La esperas. Cuando sube las escaleras directo a tu piso, le sonríes.

—Buenos días —te dice ella, con una espléndida sonrisa plasmada en el rostro.

Encuentras valor en su propia imagen, y la invitas al bar en la noche. Ella sonríe; es natural que se sienta extrañada, piensas. Tú eres una ejecutiva de edad mayor, con dinero por montones, y ella una típica mujer de la costa, jacarandosa, vivaracha. La miras a través de la sonrisa.

—Mi ’ja de mi corazón, ¿qué cree? —te dice sonriente. Pese a las muchas veces que te ha visto y ha platicado fugaces temas contigo, aún te habla respetuosa.

Te entusiasmas. Su mirada te inspira alegría y confianza.
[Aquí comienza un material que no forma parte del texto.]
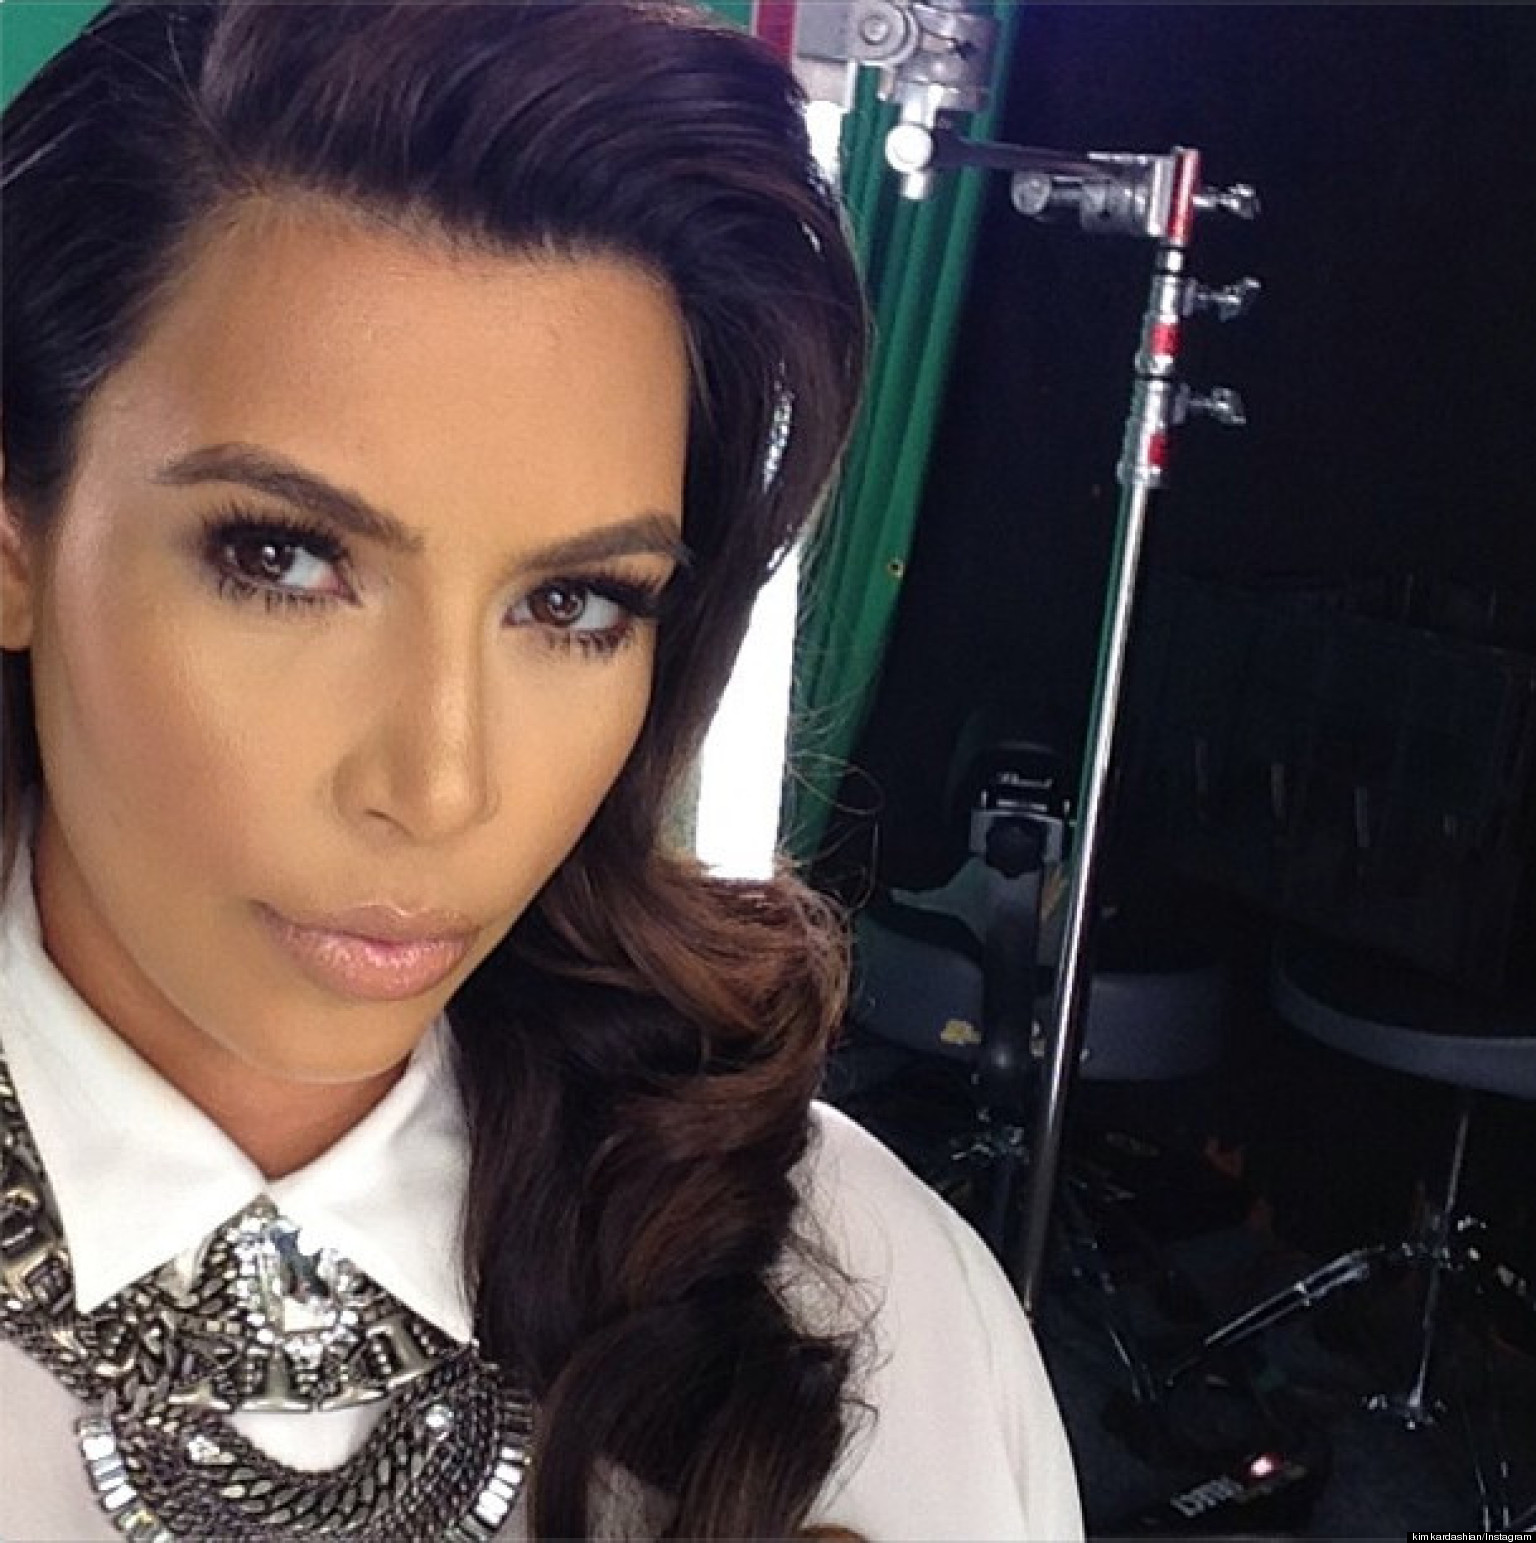 Kim Kardashian Posts Twitter Rant About Privacy, Selfies ...
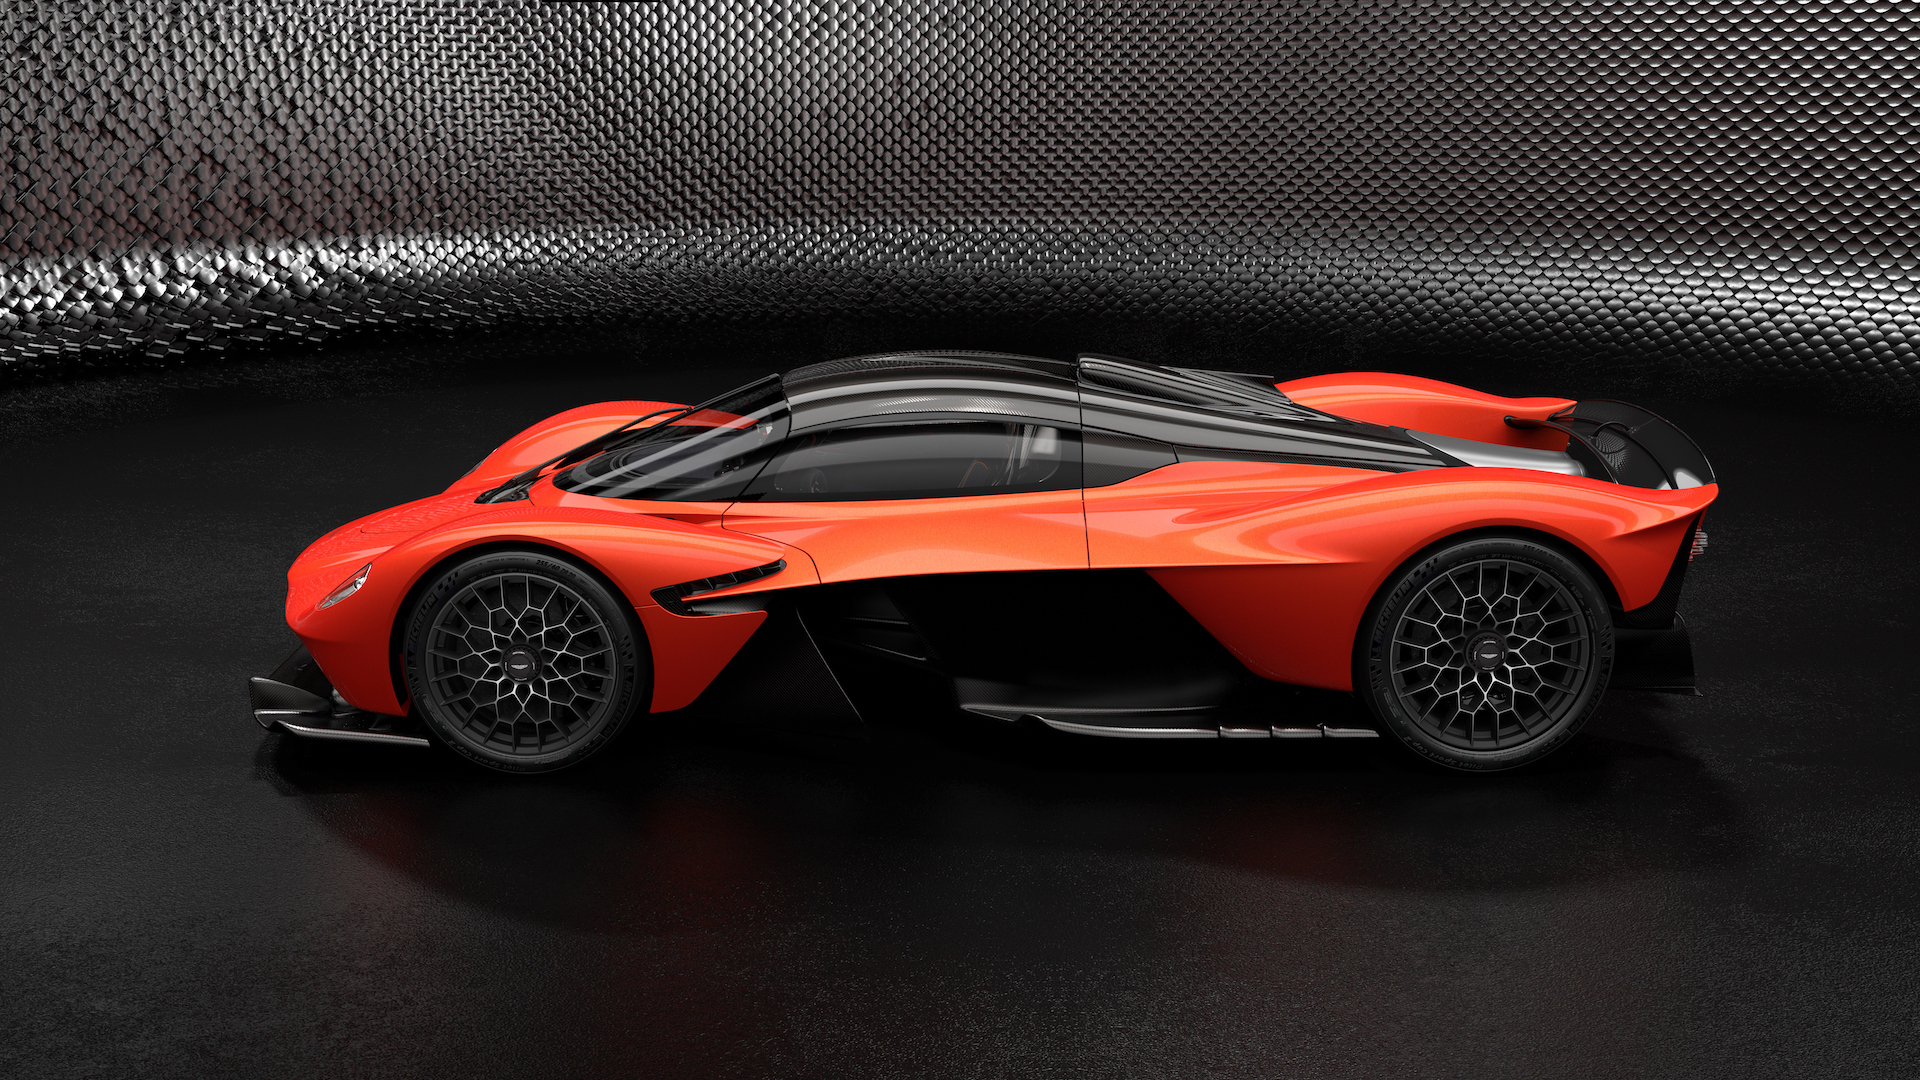 Aston Martin Valkyrie Will Attempt Nurburgring Lap Record

No atiendes a tu celular que suena, ni haces caso a los demás huéspedes que saludan mientras se dirigen al lobby.

Le preguntas qué ocurre y ella te responde en su peculiar tono jovial.

—Me ofrecieron un trabajo mejor, y me voy a ir del hotel.

Ella sonríe. Tu corazón se quiebra. Parece haberlo entendido mejor que tu cabeza. Tú te debates entre decirle a la camarista lo que sientes o callarte para siempre.

Decides callar.

Sólo ves su voluminosa figura darse la vuelta e irse contenta por compartirte su logro.

A la mañana siguiente despiertas en los brazos de otra mujer y empiezas a hundir los dedos en tu vagina imaginando a aquella camarista rubia.